The soldier came back promptly with a good splint from which he was deftly peeling the bark. To Nancy’s surprise he knelt on the ground, and in the light of her flash began to manipulate the broken bone into position. One glance at those skillful fingers and Nancy exclaimed, “Oh, you’re a doctor!”
“Yes,” was all he said as he proceeded to the business of the moment.
“Thank God,” she said earnestly, and began to tear the sheet into bandages.
As she had done numberless times before in the emergency room, Nancy helped bind up the broken arm.
“I see you’ve at least had first aid,” he said as they worked.
“I’m a nurse,” she retorted as tersely as he had informed her he was a doctor.
“There’ll be plenty for us to do tonight,” he told her.
When the arm was set, he lifted the frail woman and carried her out of the cut.
“Wait here with her,” the doctor ordered. “I’ll go back for my bag. She should have a hypo. You can help.”
Someone had placed some boxes for steps at the rear entrance to the coach and he returned that way. They were still hauling people out and stretching them beside the end coach, which by some miracle had not overturned. To Nancy’s surprise she recognized the ANC captain she had noticed on the train yesterday afternoon. She was trying to stop the bleeding in a leg wound of a man next to Nancy’s old lady.
“Please, someone try to find a doctor,” she said to no one in particular.
“One was here just now,” Nancy told her. “He’ll be back in a moment. He went for his bag.”
Nancy bent to help the captain make a tourniquet below the injured man’s knee. She had just secured the knot with a stick when she saw the doctor returning. The ANC captain straightened and saluted.
“This man will have to have some stitches, Major,” she said.
“I’ll look after him.”
To Nancy’s consternation she saw that the soldier she had just been ordering around, had put on his coat. His gold leaf indicated him a major, and the caduceus that he was a member of the medical corps. She felt terribly embarrassed at her mistake.
He seemed to think nothing of it, however, for he explained to the captain, “I’ll keep this young lady to help me. She says she’s a nurse.”
“Then I’ll go look after some of the others,” said the captain, alertly.
Major Reed was stooping to give attention to the injured man, and asked as he did so, “Where did you graduate?”
“Stanford Hospital. I’m Nancy Dale. I just joined the Army Nurse Corps and am on my way for basic training.”
This explanation seemed quite satisfactory to the major. He set his bag on the ground and pulled the zipper. “Give the lady there a hypo. We’ll need one here, too. Tell Captain Lewis to get what she needs from my bag.”
Until the sun rose over the red clay hills Nancy worked beside Major Reed, setting bones, sewing up cuts and giving sedatives to the hysterical. Several automobiles had gathered and focused their headlights upon the scene. Though Nancy had never faced such an emergency, she did not lose her head, nor did her hands shake as she worked to relieve the injured.

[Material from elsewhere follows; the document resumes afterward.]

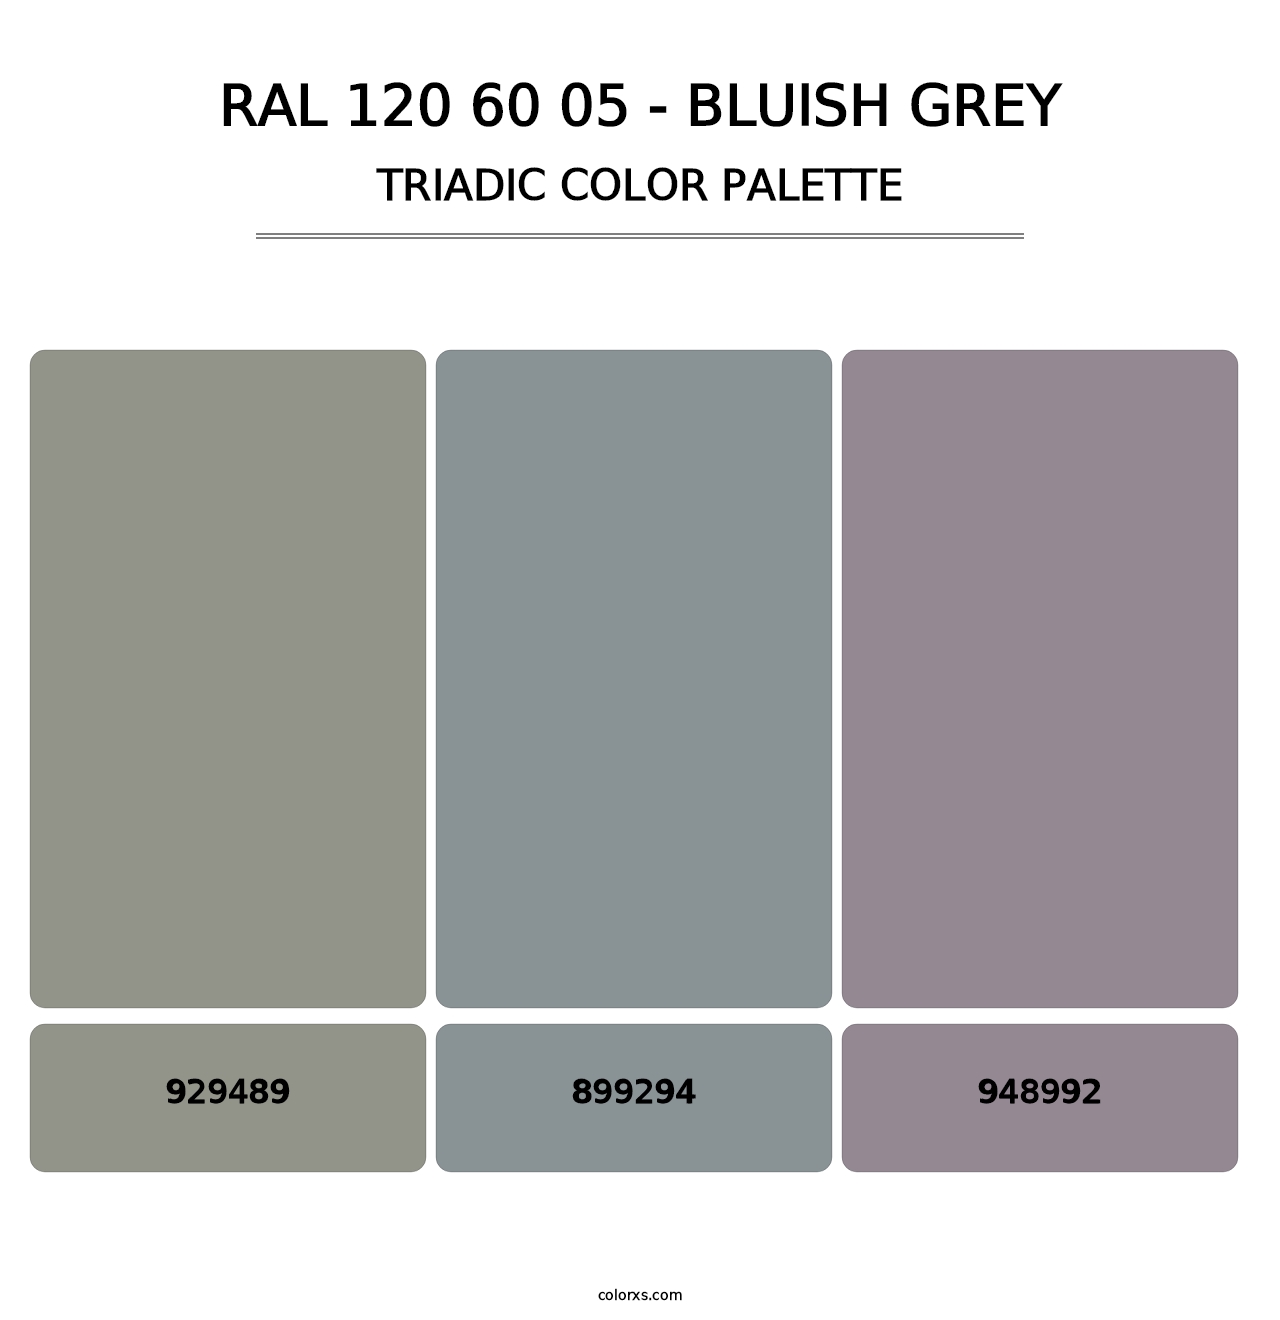 RAL 120 60 05 - Bluish Grey - Triadic Color Palette

Only once did she feel an inward tremor and that was when she thought of how she had ordered Major Reed around. But there was no time to dwell on that in the busy hours before the arrival of nurses, doctors and ambulances from the nearest town.
“Someone to relieve us at last,” said Captain Mary Lewis, who now looked as weary as Nancy felt.
“I phoned the camp for a car to be sent for us,” Major Reed told them. “There’ll be plenty of room for the three of us and our baggage.”
Nancy glanced from one officer to the other in astonishment. “Oh, are we really within driving distance of the camp?”
“Only about fifty miles,” replied Major Reed.
“And you’re both going there?”
Captain Lewis nodded and smiled. “I’ve been on a tour of inspection, and Major Reed has been assigned work there.”